TASK INSTRUCTIONS: Retype the listing exactly, with no images.

DATA BELOW:
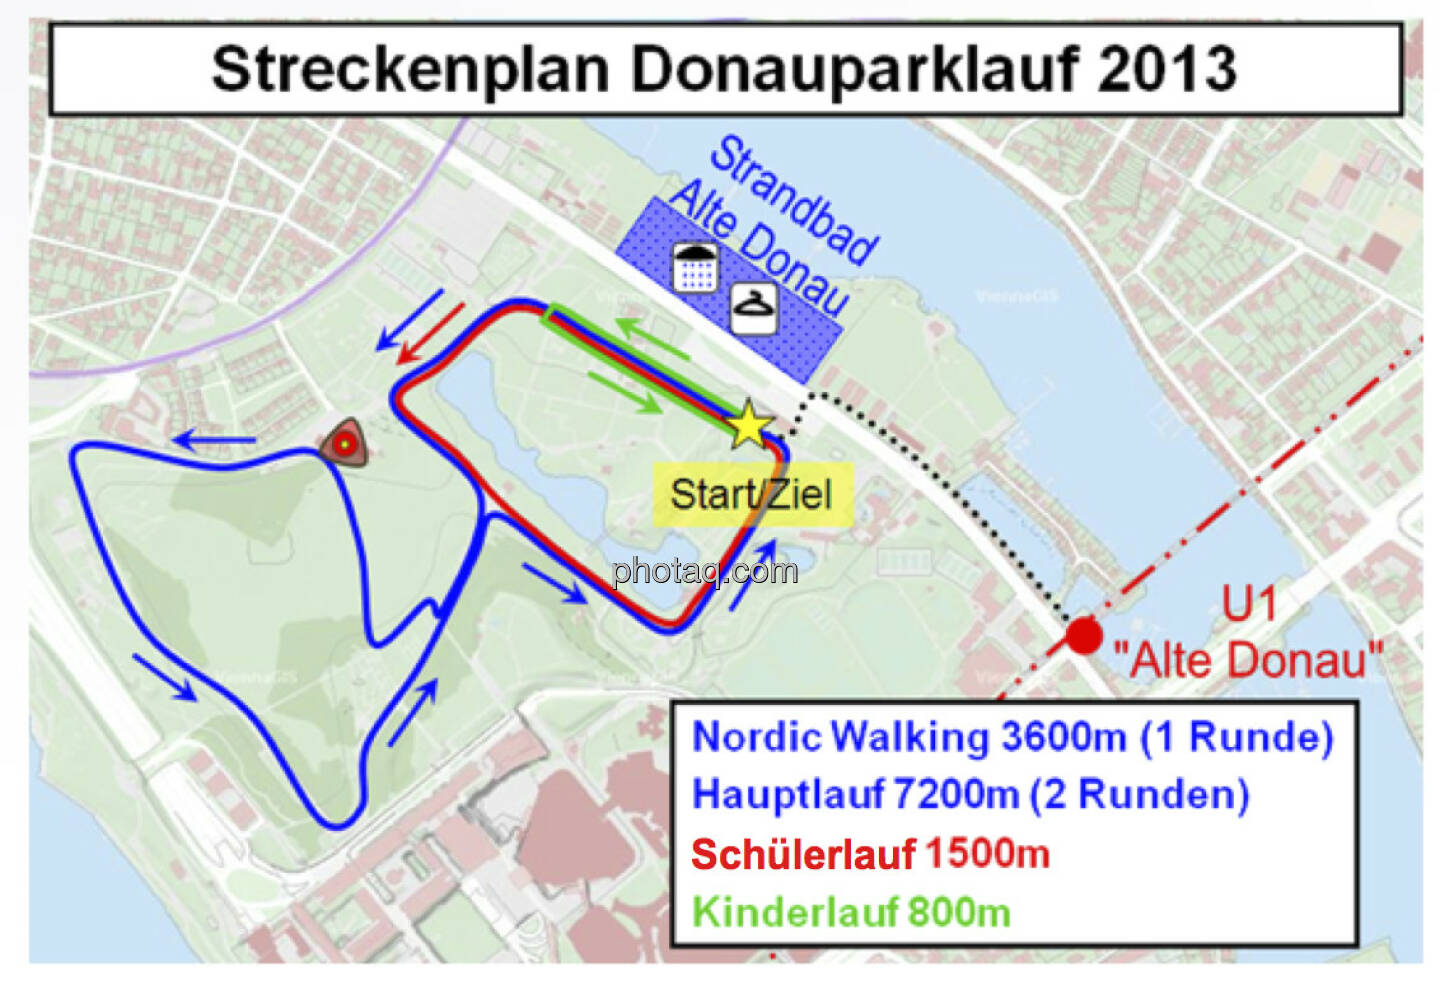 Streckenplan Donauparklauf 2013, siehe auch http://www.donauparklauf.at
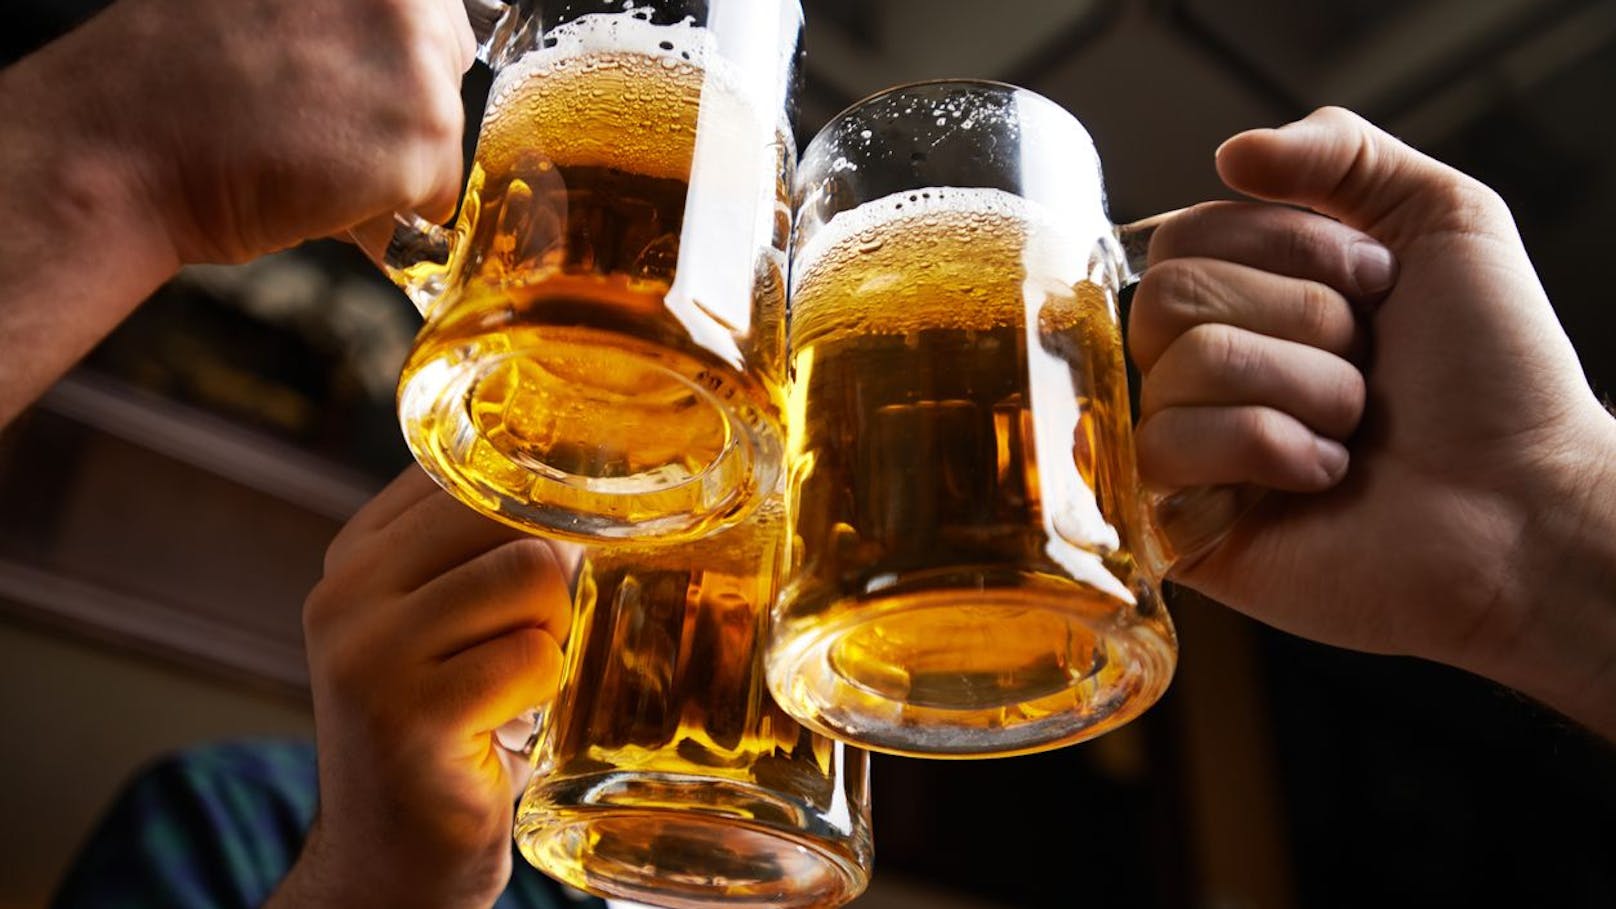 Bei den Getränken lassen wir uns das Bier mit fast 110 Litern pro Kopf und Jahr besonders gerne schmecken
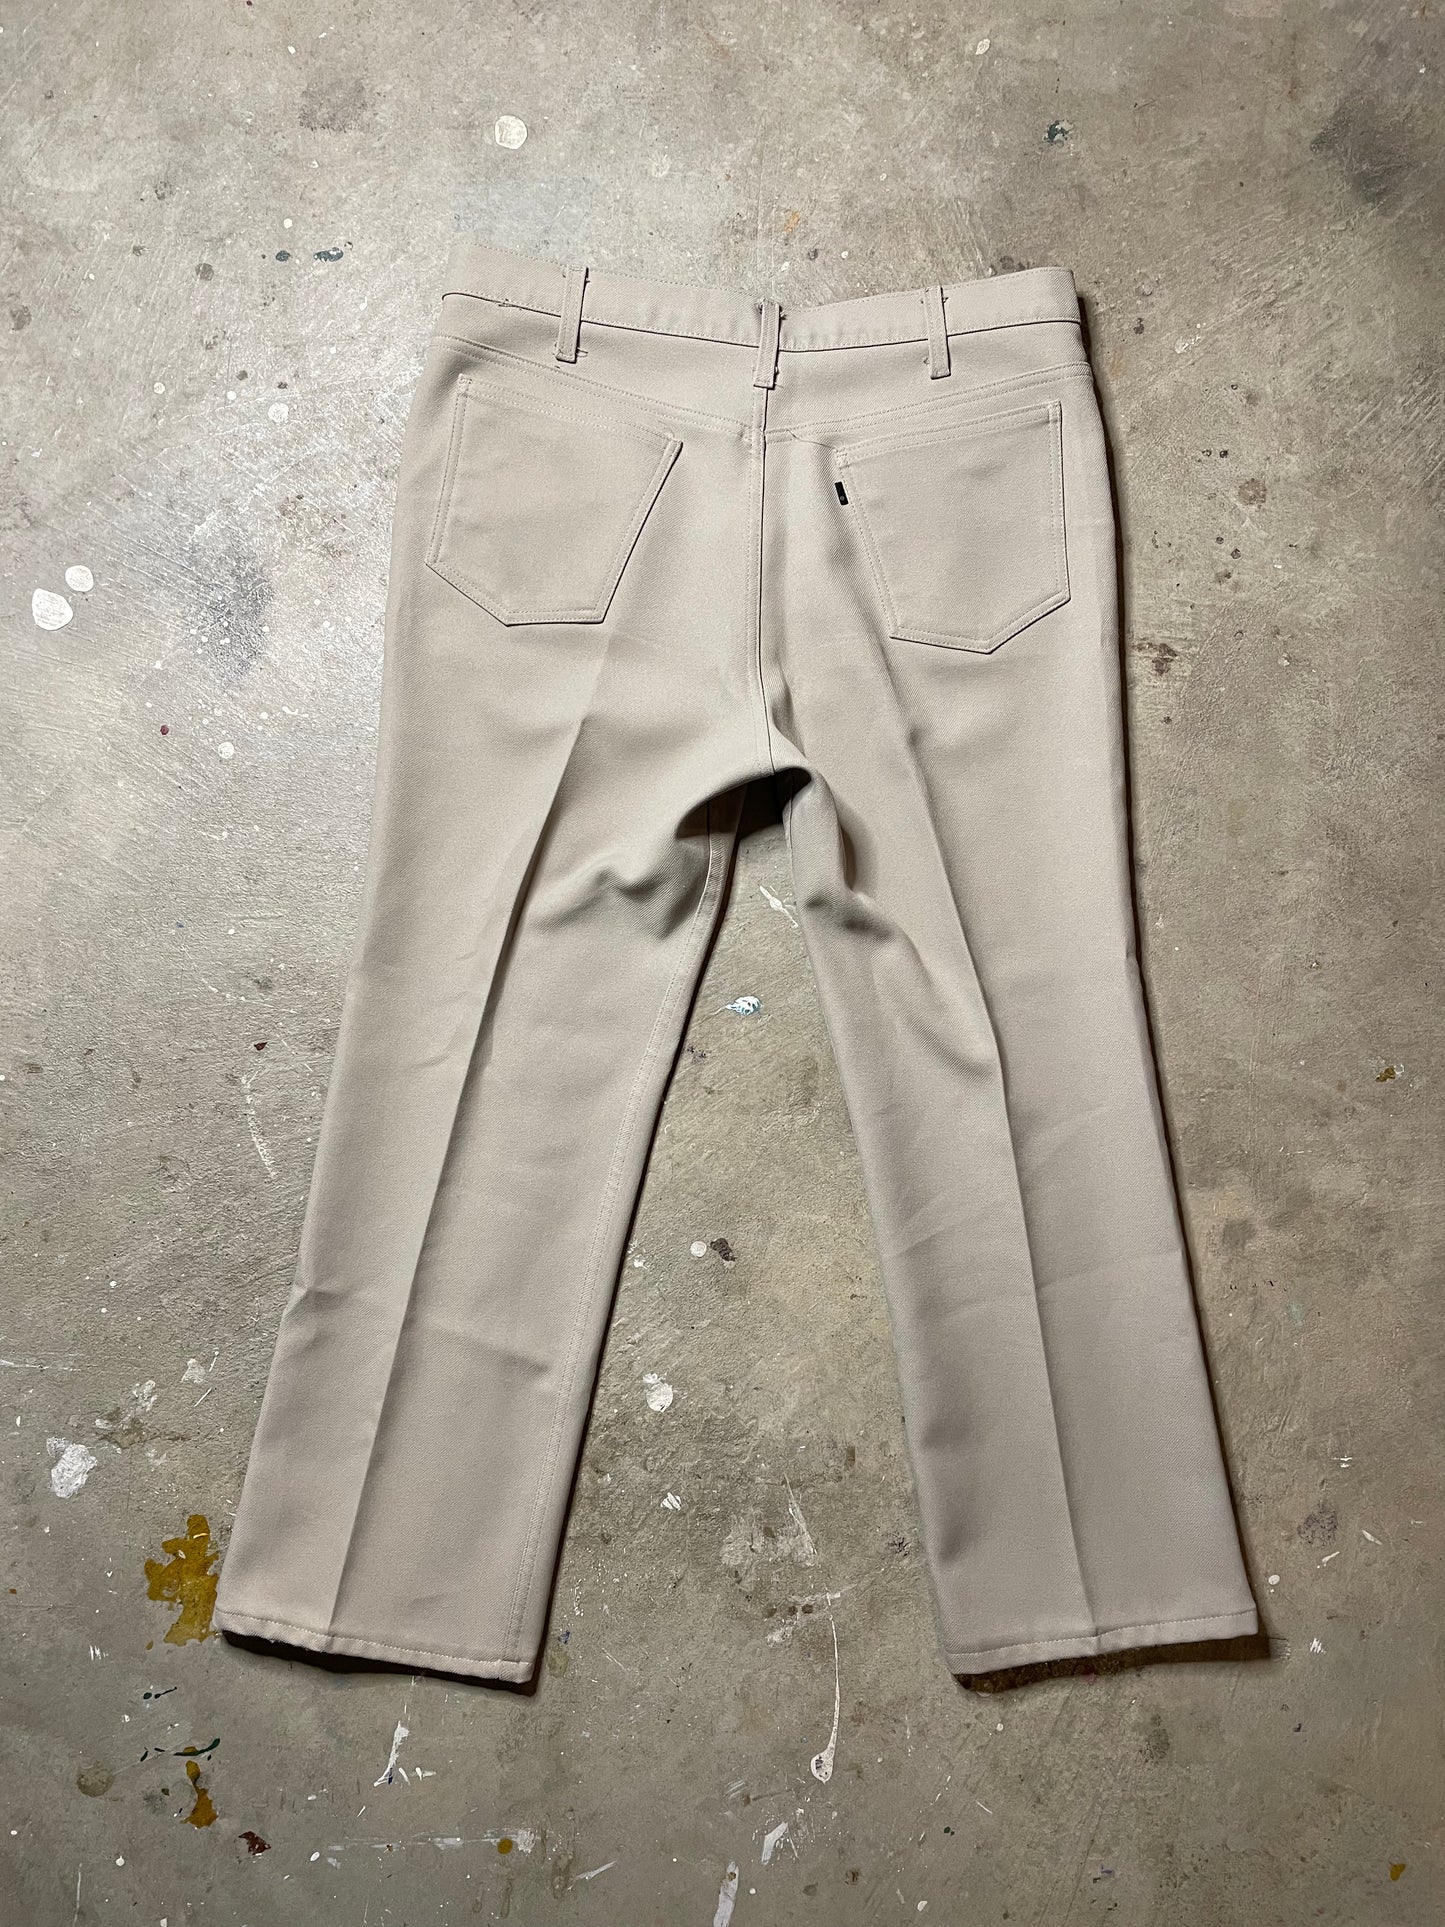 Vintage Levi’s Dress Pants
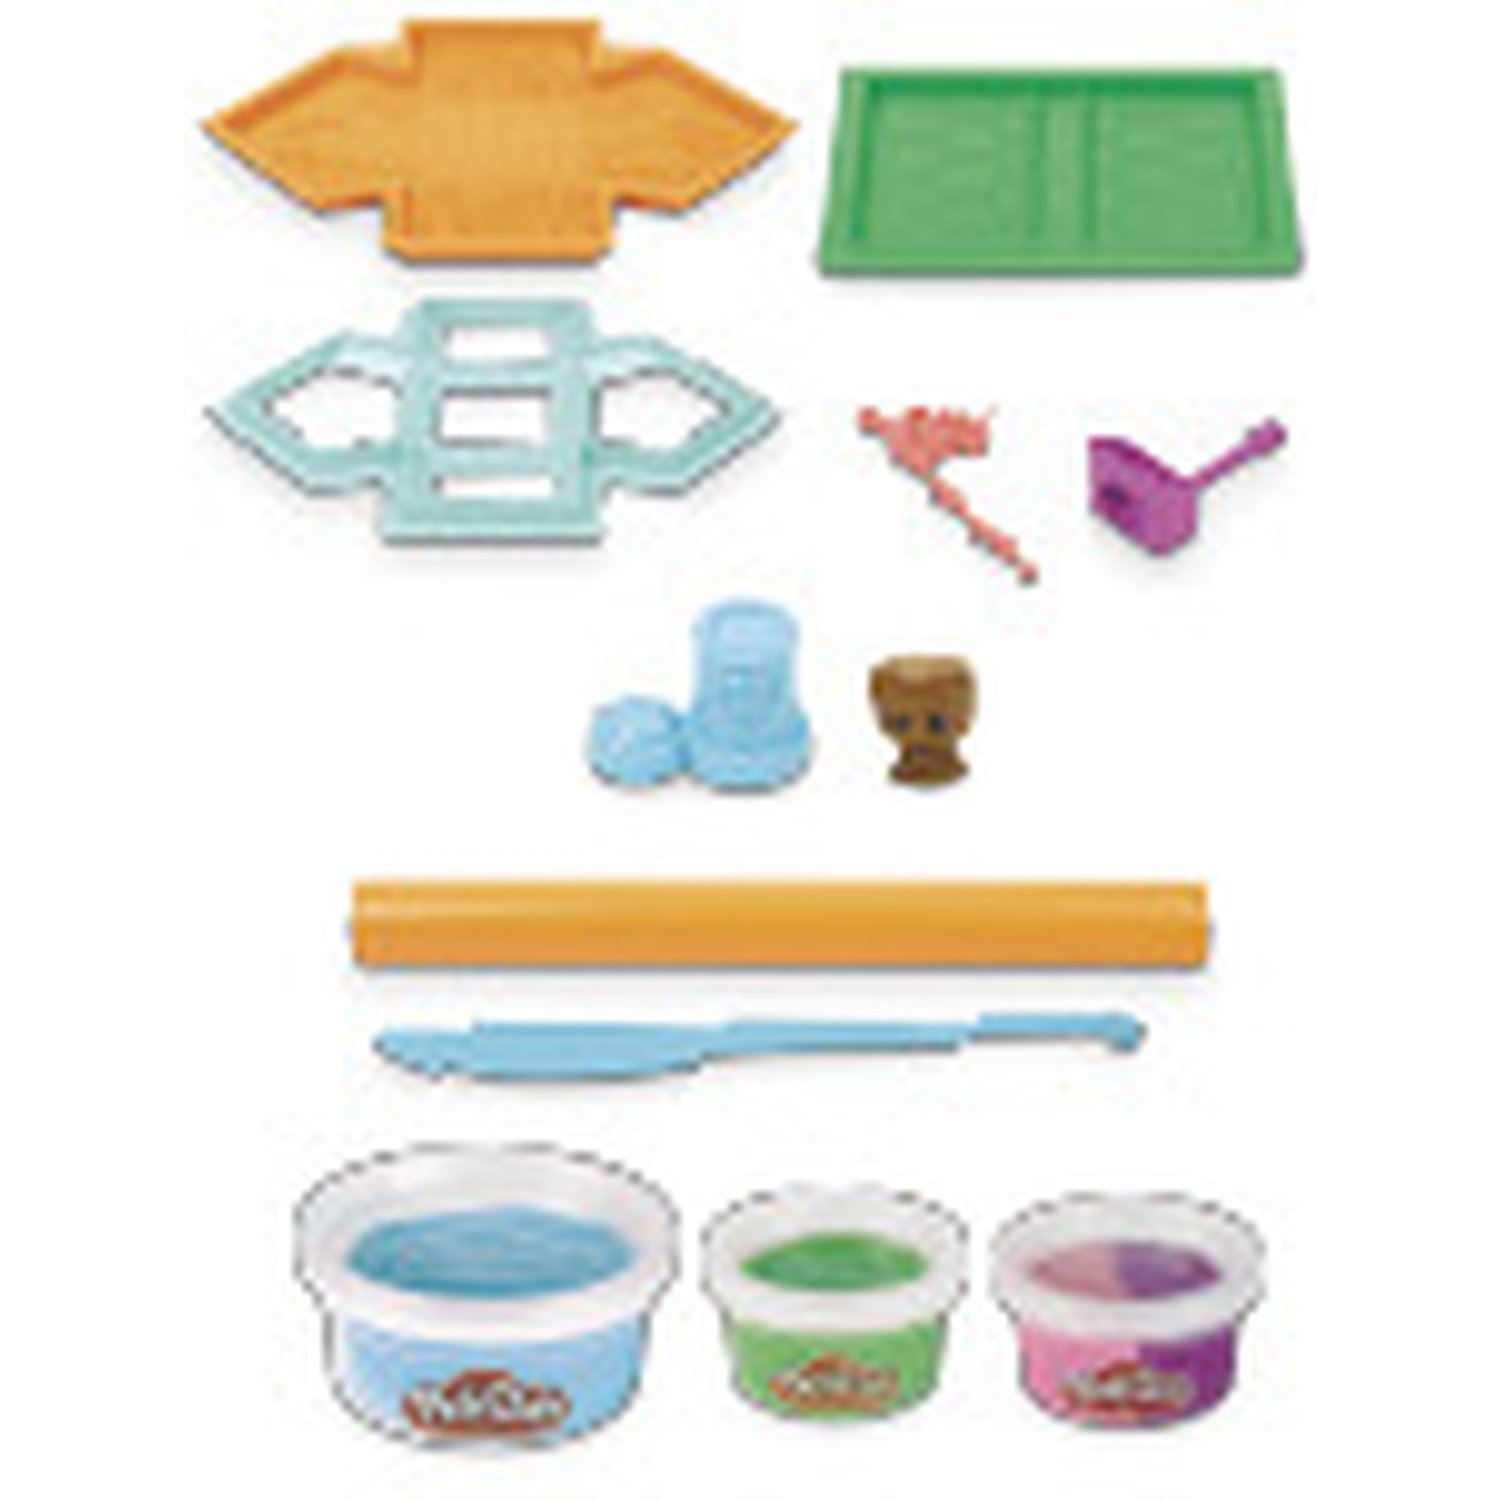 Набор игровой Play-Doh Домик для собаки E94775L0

THE COMPLETED TASK:
 Streckenplan Donauparklauf 2013, siehe auch http://www.donauparklauf.at
 Bei den Getränken lassen wir uns das Bier mit fast 110 Litern pro Kopf und Jahr besonders gerne schmecken
 Vintage Levi’s Dress Pants
 Набор игровой Play-Doh Домик для собаки E94775L0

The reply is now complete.